Support is essential to successful healing.

Support is essential to successful healing.

This past week marked my seventh anniversary of seeing Dr. Mozayeni: September 9, 2009 (9/9/09).
Some of you may be thinking, “wow, 7 years. That’s a long time to be in treatment. Isn’t she getting better?”
Yes, I am. It is important to note here that I was sick for 29 years before getting an accurate diagnosis. Treatment is not going to be a short-term easy fix.

I sent him a quick note saying, “My first appointment with you was seven years ago today. Thank you.”
He replied, “ Amazing how time flies. Thanks for your trust. We’ve been through a lot. And we have more to do.”
I replied, “Honestly, I was thinking of going a six month hiatus, physically and emotionally. Grateful for the safe place to do this work, but I’m tired.”sharonmad
And without missing a beat, he suggested, “ You could come in every three months and focus for now on . . . “

I’m showing you this interaction for a few reasons:
1. It’s important to say THANK YOU to your LLMD.
2. It’s nice to receive a Thank You in return and the validation of the hard work I have put forth as well.
3. It’s important to be HONEST with your LLMD and tell him/her what is going on for you.
4. It’s amazing to have an LLMD who doesn’t skip a beat, who knows treatment fatigue is part of the healing process and suggests some options to you.

negotiateSometimes, it is ok to take a break from the forward momentum of active treatment.
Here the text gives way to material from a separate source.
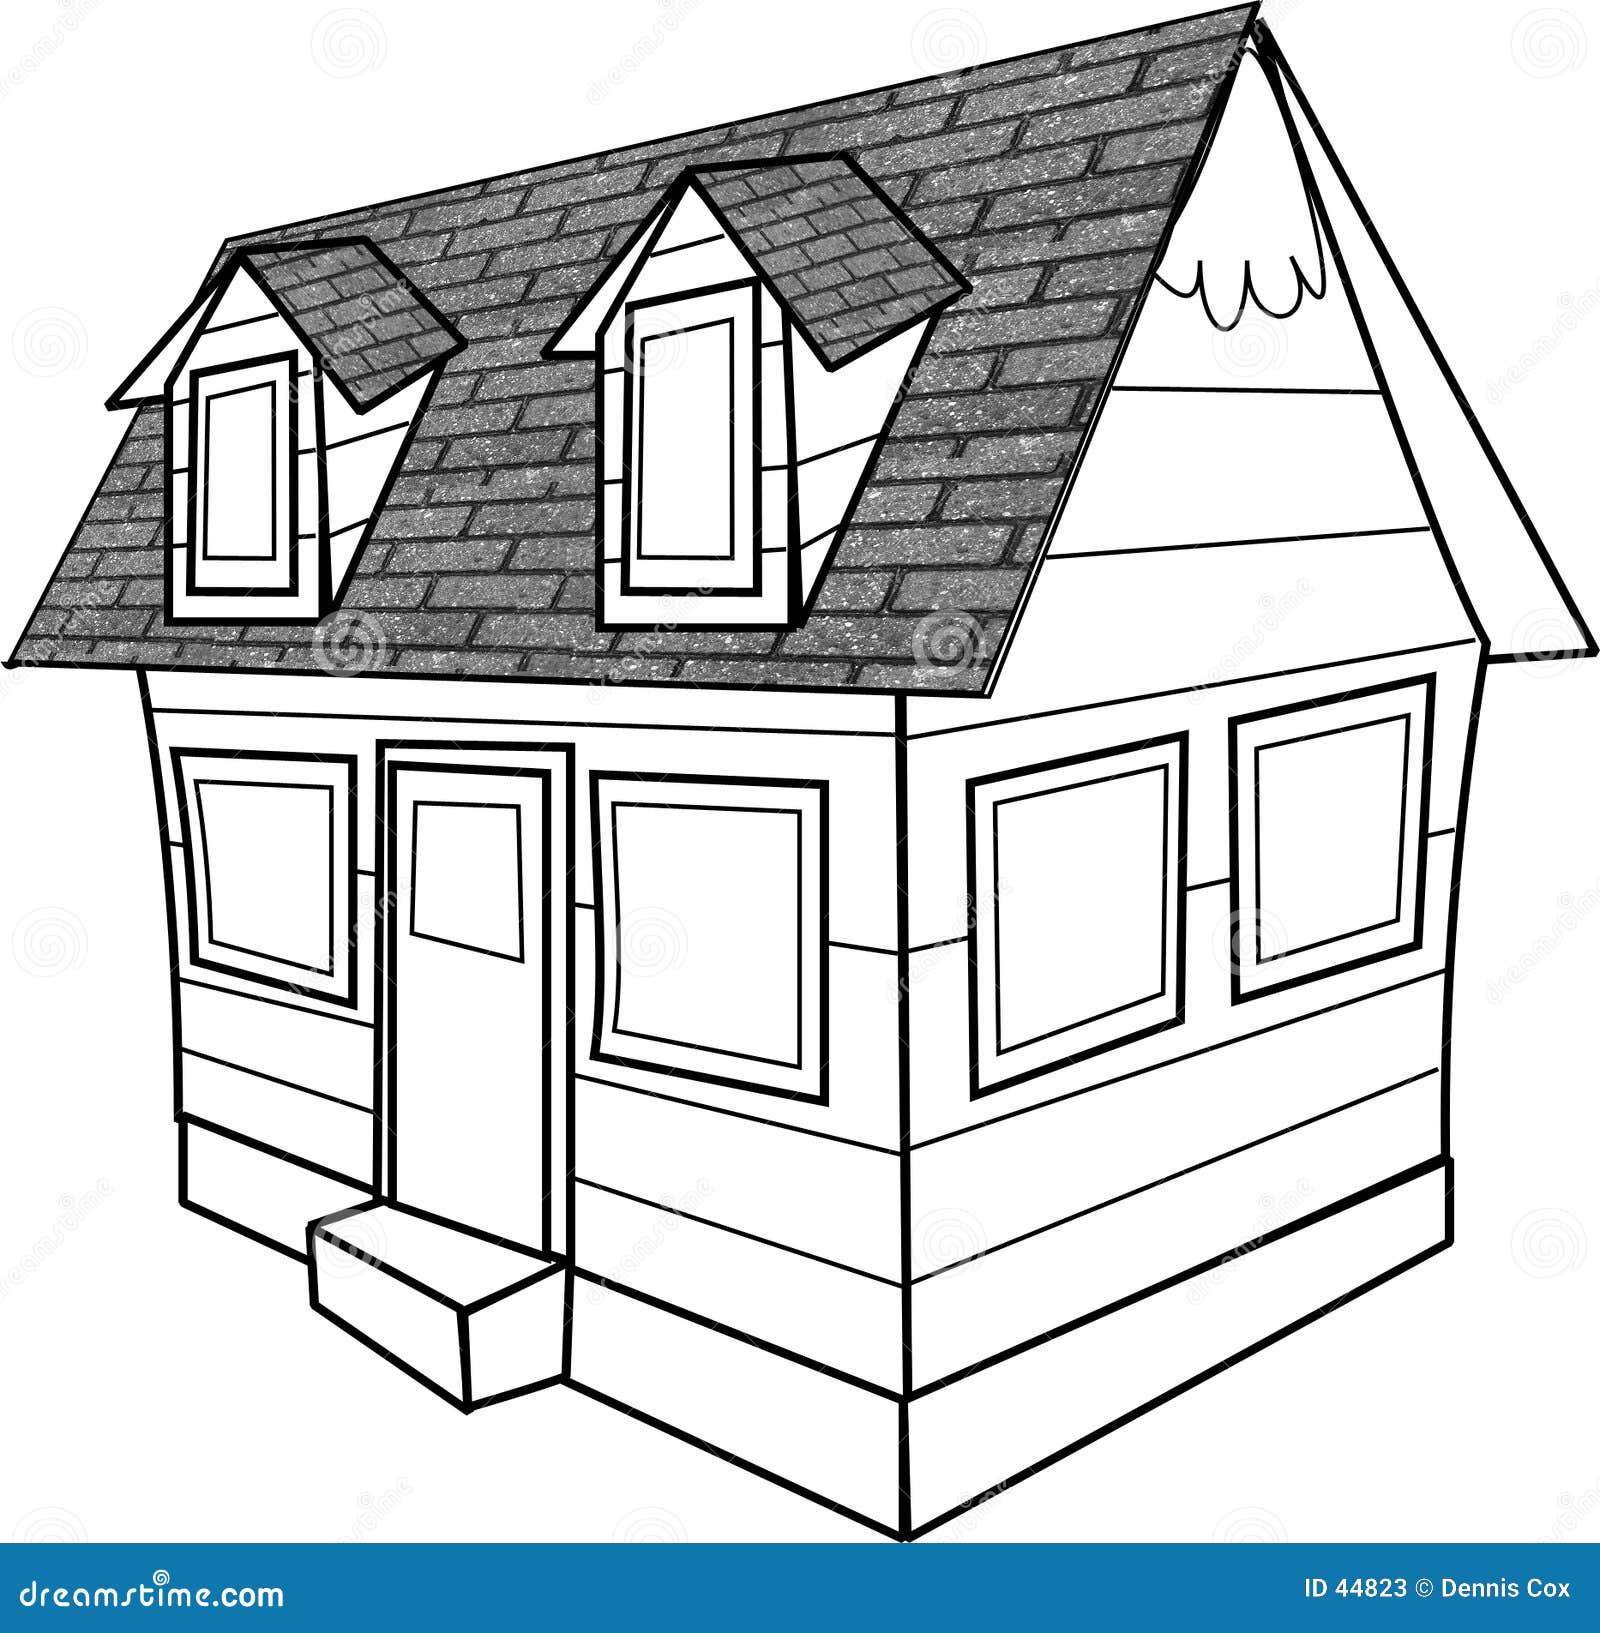 Disegno a tratteggio di un cottage

I have done this at several points in the past 7 years.
1. I published a book, which caused some consternation among some family members. It was a rough patch during which I became almost suicidal. Dr. M managed my emotional status and he backed off my meds a bit.
2. My 16 year-old nephew died by suicide. Suicide wreaks havoc and hell on the entire family, including extended members. It threw me for a loop, most assuredly. It also affected other family members who then dropped into horrible depression. I learned during this time that if a person knows someone who has committed suicide, despite the pain and torture it has caused, the survivors have a significantly higher chance of also dying by suicide as well. Dr. M backed off my treatment during this time for a few months as well.
3. While switching some meds around for treating various co-infections, I had an allergic reaction to one med and then a really harsh response to two other meds. And then I got thrush, a yeast infection throughout my entire system. So Dr. M took me off all antibiotics for a month to help get my body back into balance.
4. When I developed a DVT (deep vein thrombosis) and had to be on Coumadin and all that mess. Again, Dr. M took me off certain meds to allow the blood clot to assimilate back into my system and rebalance. This took seven months.
5. Lastly, when my Dad became ill this past February and then died in March, Dr. M removed all treatment meds except supplements to again, just help build my immune system but not taxing it while it is under such stress as grief. I tried going back on after 4.5 months with a dreadful response, so he’s in agreement I need to work on healing in another mode for now.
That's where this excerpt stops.